The Parenting Post Blog

Being Perfect

By Notes From the Trenches on Tuesday, January 15, 10:30 am EST

Today, as the temperature outside dipped down to freezing yet again, I pulled out the art supplies for my children. The messy ones that I keep high up in the cabinets. As I watched them work, I was struck by their differing personalities. My happy go lucky child dives right in. He sloshes paint and water around. He is happy with the process. He produces many paintings and declares each of them so damn good he doesn't know which one is the best.

Then I have a child who is paralyzed by the very idea of producing something. He has gone through twenty sheets of paper in as many minutes. Every line he produces on his paper is not good enough. He is critical of all of his ideas. When he does have a good idea he doesn't follow through because he becomes paralyzed by the small details. Nothing is ever good enough.

I want to grab him by the shoulders and give him a good shake. "Get over it. No one is perfect," I want to say.

He is exasperating.

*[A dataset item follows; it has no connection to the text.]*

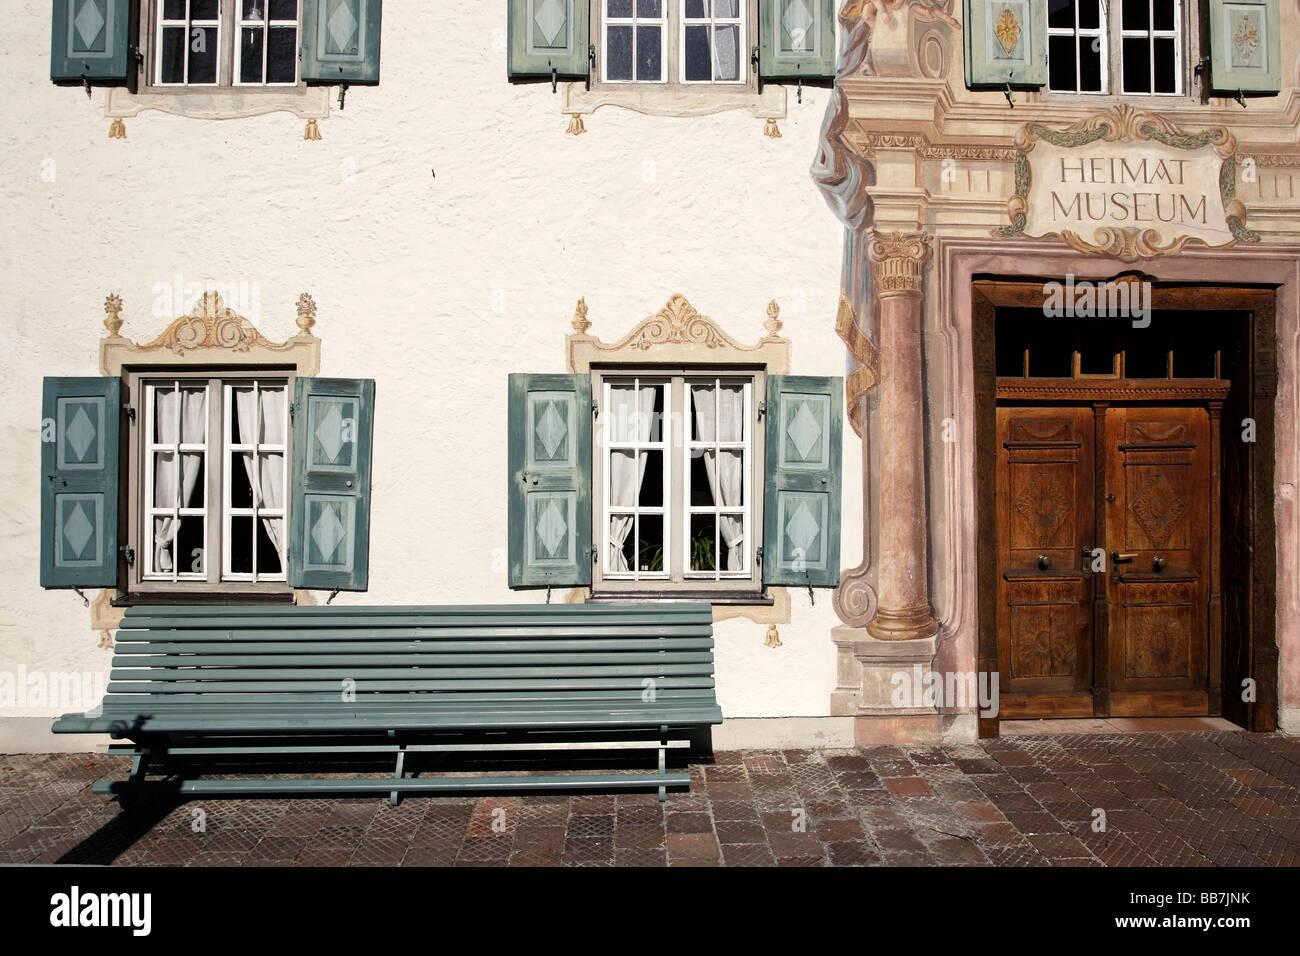 Heimat Museum the Regional Museum of Prien & Heimat Museum the Regional Museum of Prien Stock Photo Royalty Free ...
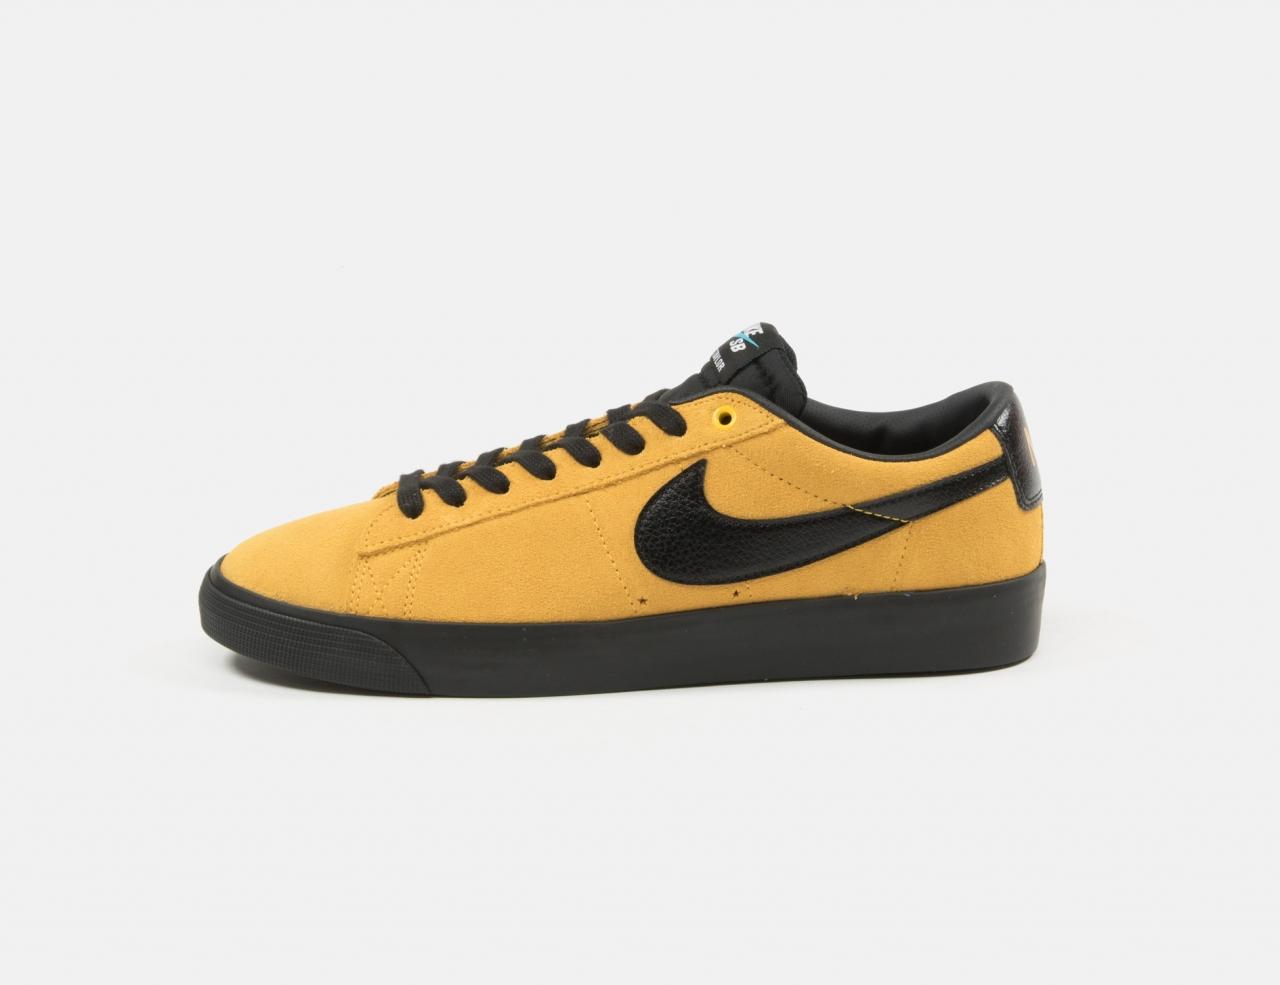 Nike SB Blazer Low GT - University Gold/Black

He is frustrating. He is exactly like me.

How often in my life I sit where he is now. How often I do nothing, not out of laziness, but out of fear. I mean, what is the point of doing something if you can't do it perfectly.

Perfection, however, is paralyzing.

I am good with the ideas. I have lots of them. Things I really want to do and accomplish. And then the little niggling voice starts speaking in the back of my head. "Who do you think you are?" "You can't do that." "Don't even bother trying."

* * *

Last week while waiting for gymnastics lessons to be over, I was talking to one of the mothers. She said, "But you have it all under control. You are so perfect and composed all the time. I don't think I have ever seen you flustered or lose your patience. You are so together... I bet everyone says that to you."

I had to look over my shoulder to see if there was someone standing behind me that she was talking to. I answered, "Only people who don't know me very well say that." I am nothing if not self deprecating. Look at me, I can't even accept a compliment gracefully. She laughed and said she knew that wasn't true.

But it is true.

We all muddle along and think that someone else has the answer that were are missing. Everyone else appears to have all the answers. We envy. We covet. We compare ourselves. We inevitably fall short of some imagined ideal. We are all harder on ourselves than we are on anyone else around us.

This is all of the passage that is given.